Numpy Performance

timlash · Apr 23, 2009

Still fairly new to Python. I wrote a program that used a class
called RectangularArray as described here:

class RectangularArray:
def __init__(self, rows, cols, value=0):
self.arr = [None]*rows
self.row = [value]*cols
def __getitem__(self, (i, j)):
return (self.arr or self.row)[j]
def __setitem__(self, (i, j), value):
if self.arr==None: self.arr = self.row[:]
self.arr[j] = value

This class was found in a 14 year old post:
http://www.python.org/search/hypermail/python-recent/0106.html

This worked great and let me process a few hundred thousand data
points with relative ease. However, I soon wanted to start sorting
arbitrary portions of my arrays and to transpose others. I turned to
Numpy rather than reinventing the wheel with custom methods within the
serviceable RectangularArray class. However, once I refactored with
Numpy I was surprised to find that the execution time for my program
doubled! I expected a purpose built array module to be more efficient
rather than less.

I'm not doing any linear algebra with my data. I'm working with
rectangular datasets, evaluating individual rows, grouping, sorting
and summarizing various subsets of rows.

Is a Numpy implementation overkill for my data handling uses? Should
I evaluate prior array modules such as Numeric or Numarray? Are there
any other modules suited to handling tabular data? Would I be best
off expanding the RectangularArray class for the few data
transformation methods I need?

Any guidance or suggestions would be greatly appreciated!

Cheers,

Tim

Peter Otten · Apr 23, 2009

timlash said:
Still fairly new to Python. I wrote a program that used a class
called RectangularArray as described here:

class RectangularArray:
def __init__(self, rows, cols, value=0):
self.arr = [None]*rows
self.row = [value]*cols
def __getitem__(self, (i, j)):
return (self.arr or self.row)[j]
def __setitem__(self, (i, j), value):
if self.arr==None: self.arr = self.row[:]
self.arr[j] = value

This class was found in a 14 year old post:
http://www.python.org/search/hypermail/python-recent/0106.html

This worked great and let me process a few hundred thousand data
points with relative ease. However, I soon wanted to start sorting
arbitrary portions of my arrays and to transpose others. I turned to
Numpy rather than reinventing the wheel with custom methods within the
serviceable RectangularArray class. However, once I refactored with
Numpy I was surprised to find that the execution time for my program
doubled! I expected a purpose built array module to be more efficient
rather than less.

I'm not doing any linear algebra with my data. I'm working with
rectangular datasets, evaluating individual rows, grouping, sorting
and summarizing various subsets of rows.

Is a Numpy implementation overkill for my data handling uses? Should
I evaluate prior array modules such as Numeric or Numarray? Are there
any other modules suited to handling tabular data? Would I be best
off expanding the RectangularArray class for the few data
transformation methods I need?

Any guidance or suggestions would be greatly appreciated!

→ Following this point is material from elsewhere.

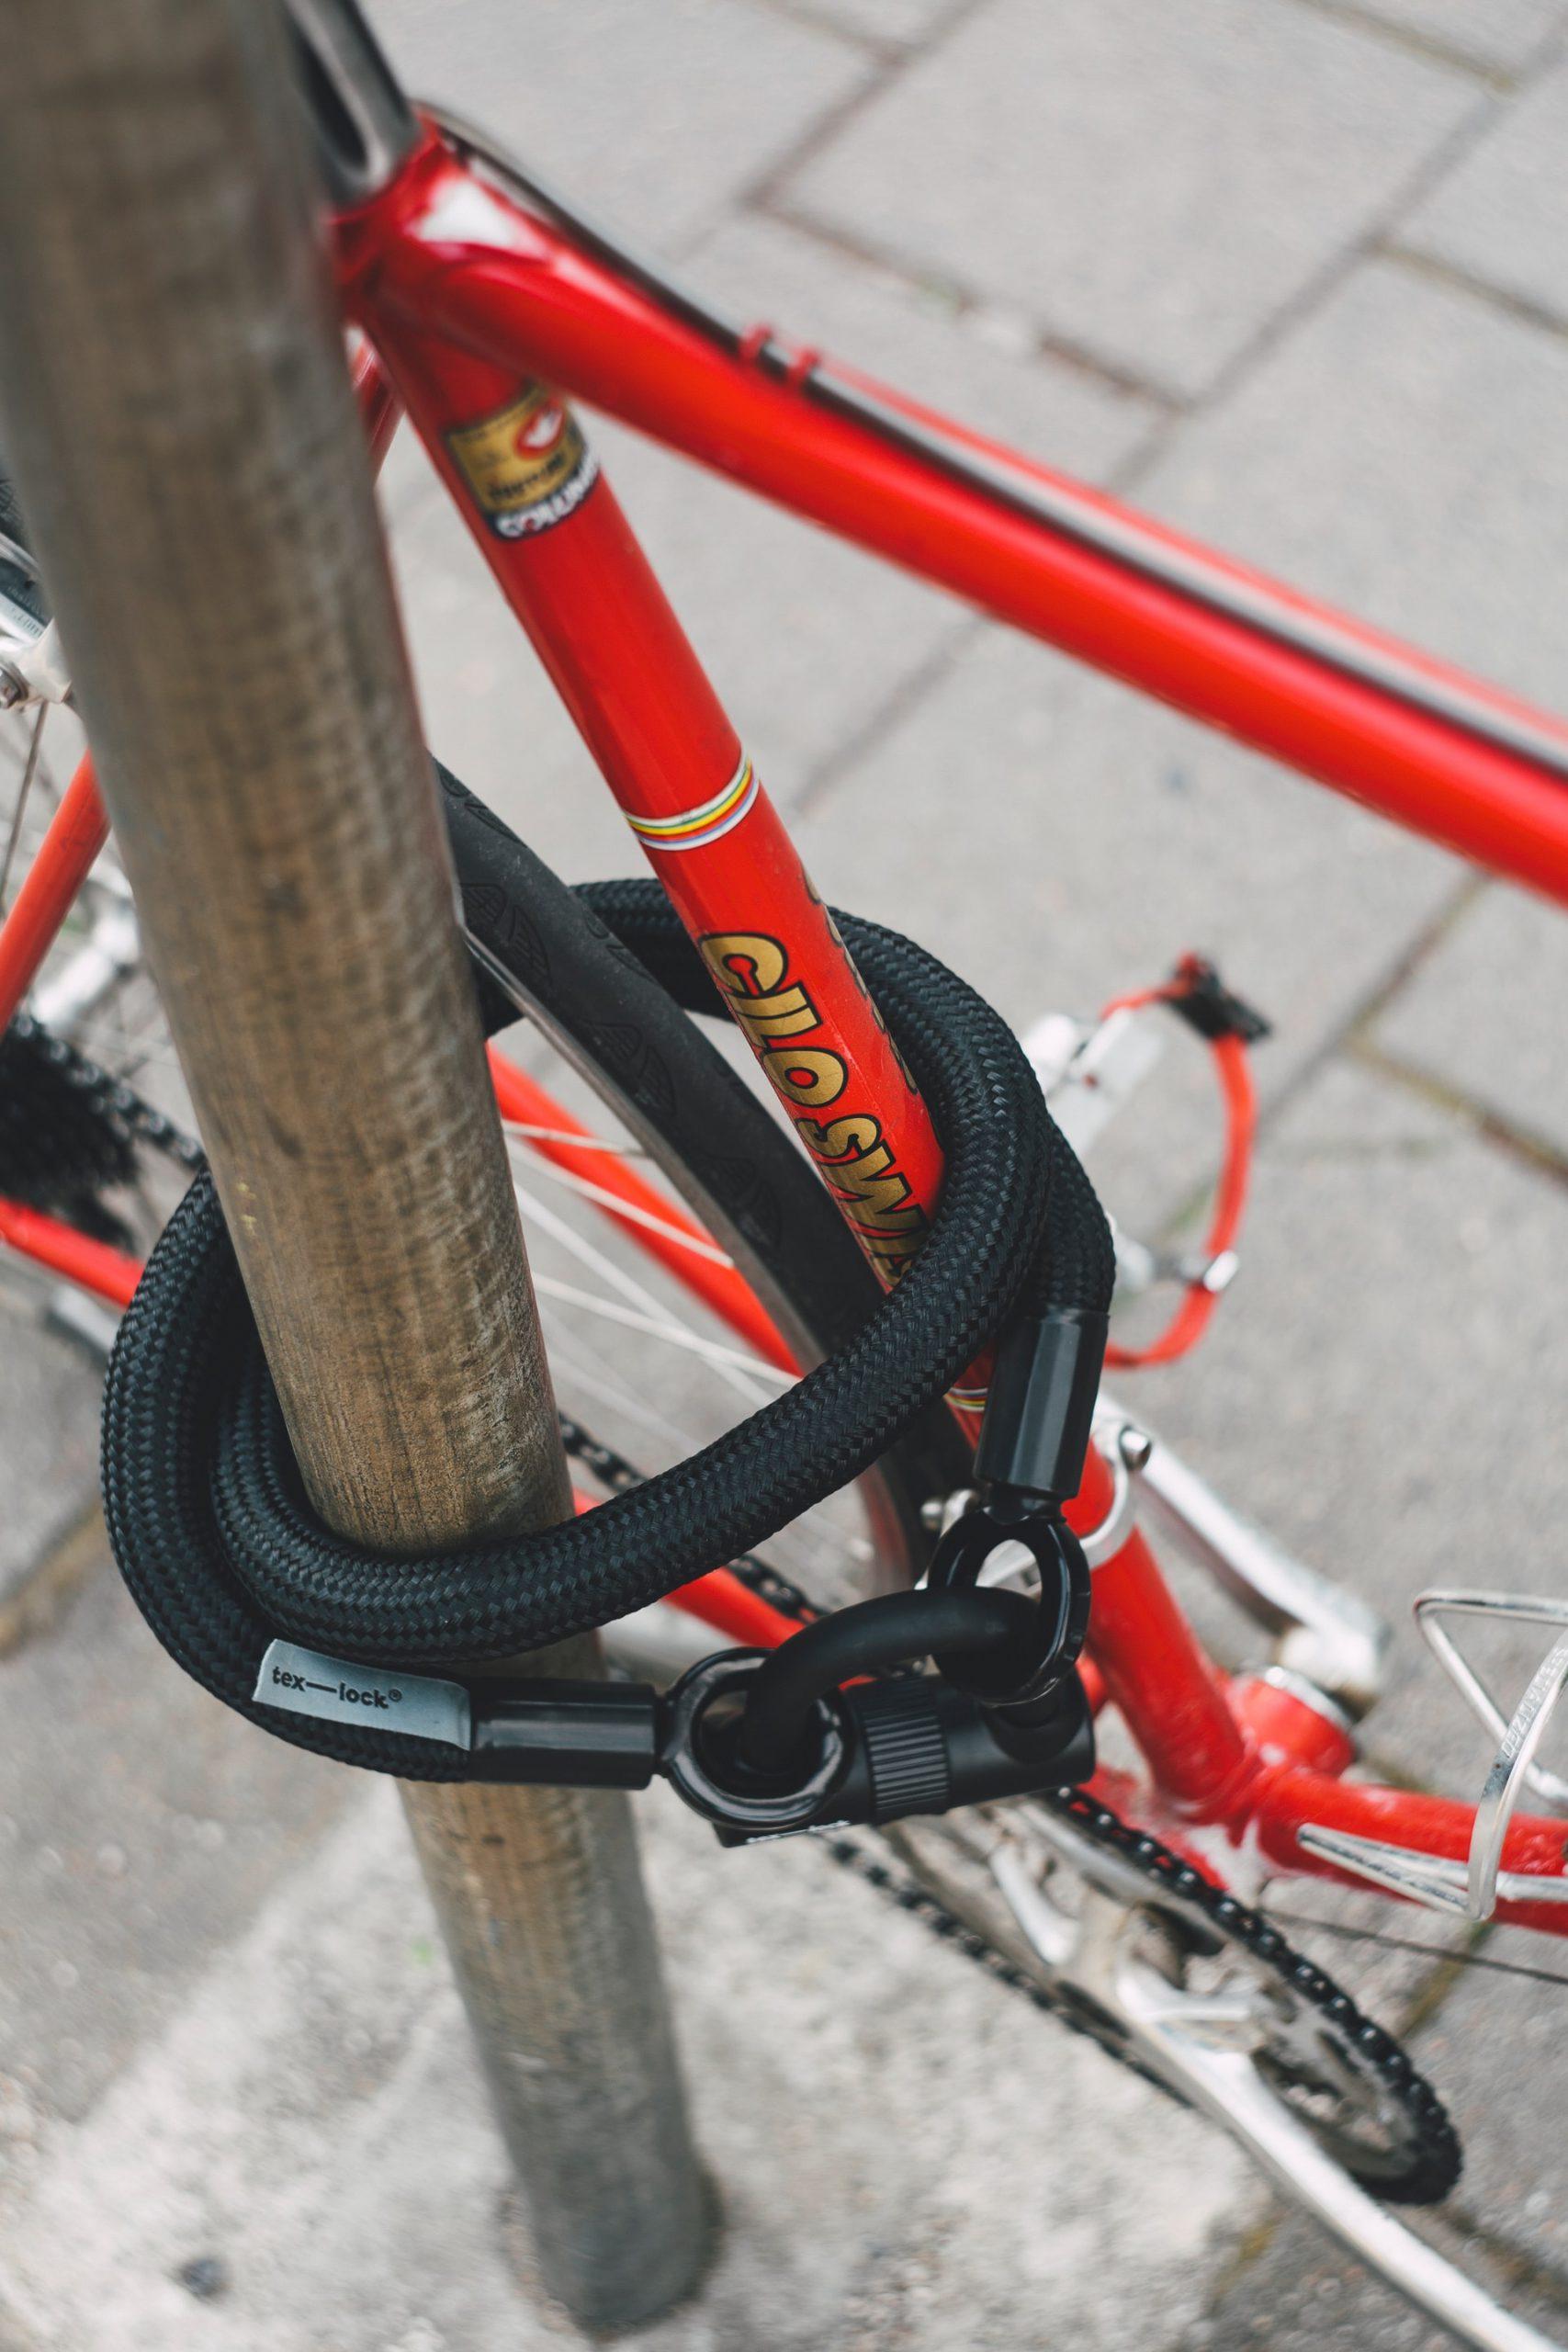 Kettenschloß am Fahrrad
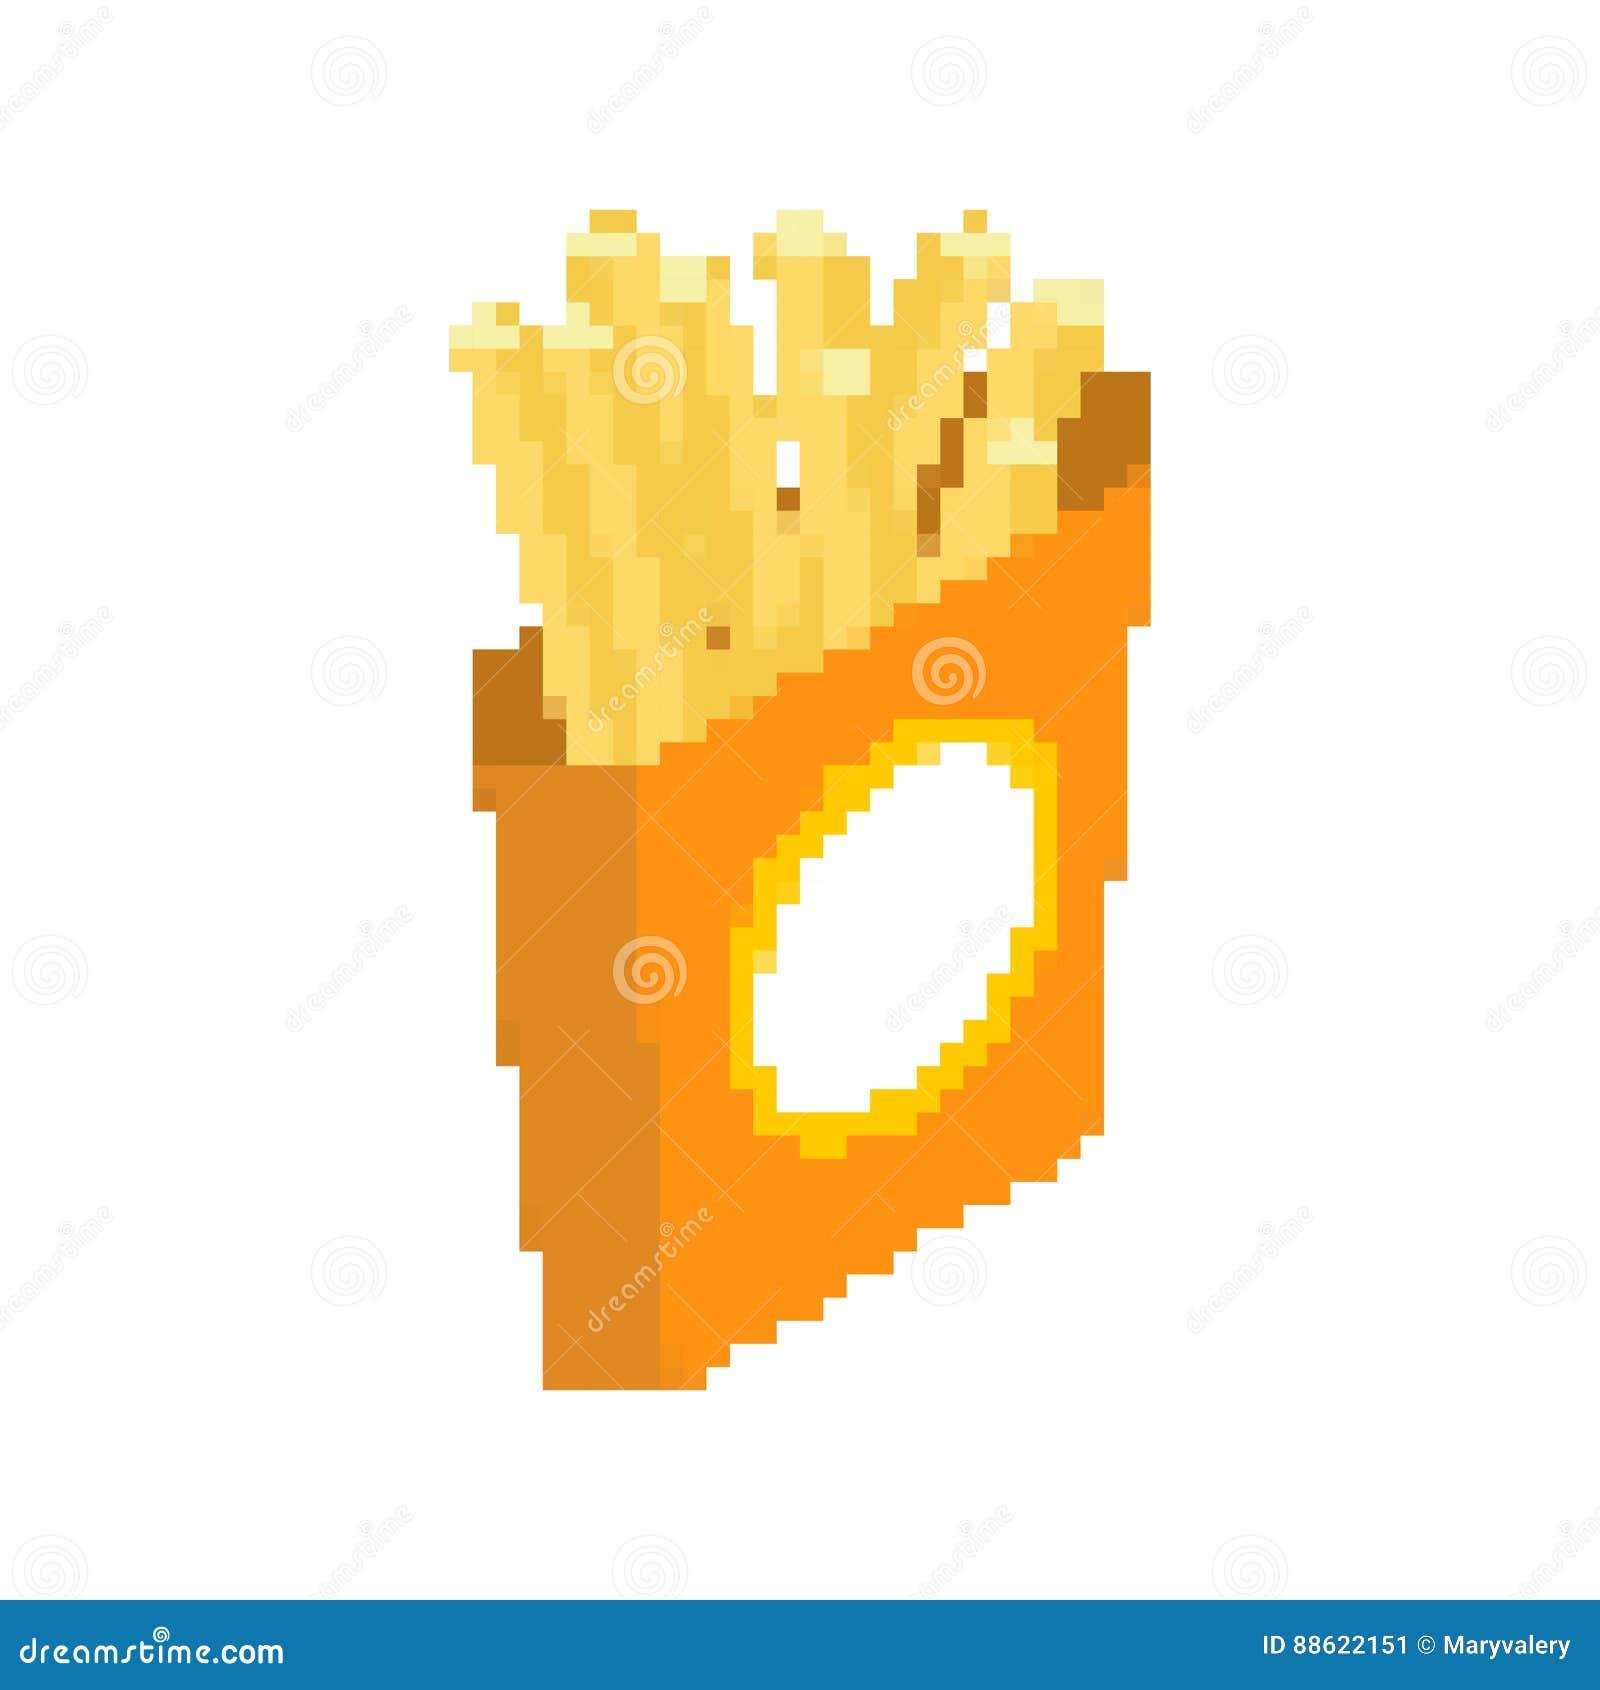 Art De Pixel De Pommes Frites Aliments De Préparation Rapide

Do you have many rows with zeros? That might be the reason why your
self-made approach shows better performance.

Googling for "numpy sparse" finds:

http://www.scipy.org/SciPy_Tutorial

Maybe one of the sparse matrix implementations in scipy works for you.

Peter

Robert Kern · Apr 24, 2009

Still fairly new to Python. I wrote a program that used a class
called RectangularArray as described here:

class RectangularArray:
def __init__(self, rows, cols, value=0):
self.arr = [None]*rows
self.row = [value]*cols
def __getitem__(self, (i, j)):
return (self.arr or self.row)[j]
def __setitem__(self, (i, j), value):
if self.arr==None: self.arr = self.row[:]
self.arr[j] = value

This class was found in a 14 year old post:
http://www.python.org/search/hypermail/python-recent/0106.html

This worked great and let me process a few hundred thousand data
points with relative ease. However, I soon wanted to start sorting
arbitrary portions of my arrays and to transpose others. I turned to
Numpy rather than reinventing the wheel with custom methods within the
serviceable RectangularArray class. However, once I refactored with
Numpy I was surprised to find that the execution time for my program
doubled! I expected a purpose built array module to be more efficient
rather than less.

It depends on how much you refactored you code. numpy tries to optimize bulk
operations. If you are doing a lot of __getitem__s and __setitem__s with
individual elements as you would with RectangularArray, numpy is going to do a
lot of extra work creating and deleting the scalar objects.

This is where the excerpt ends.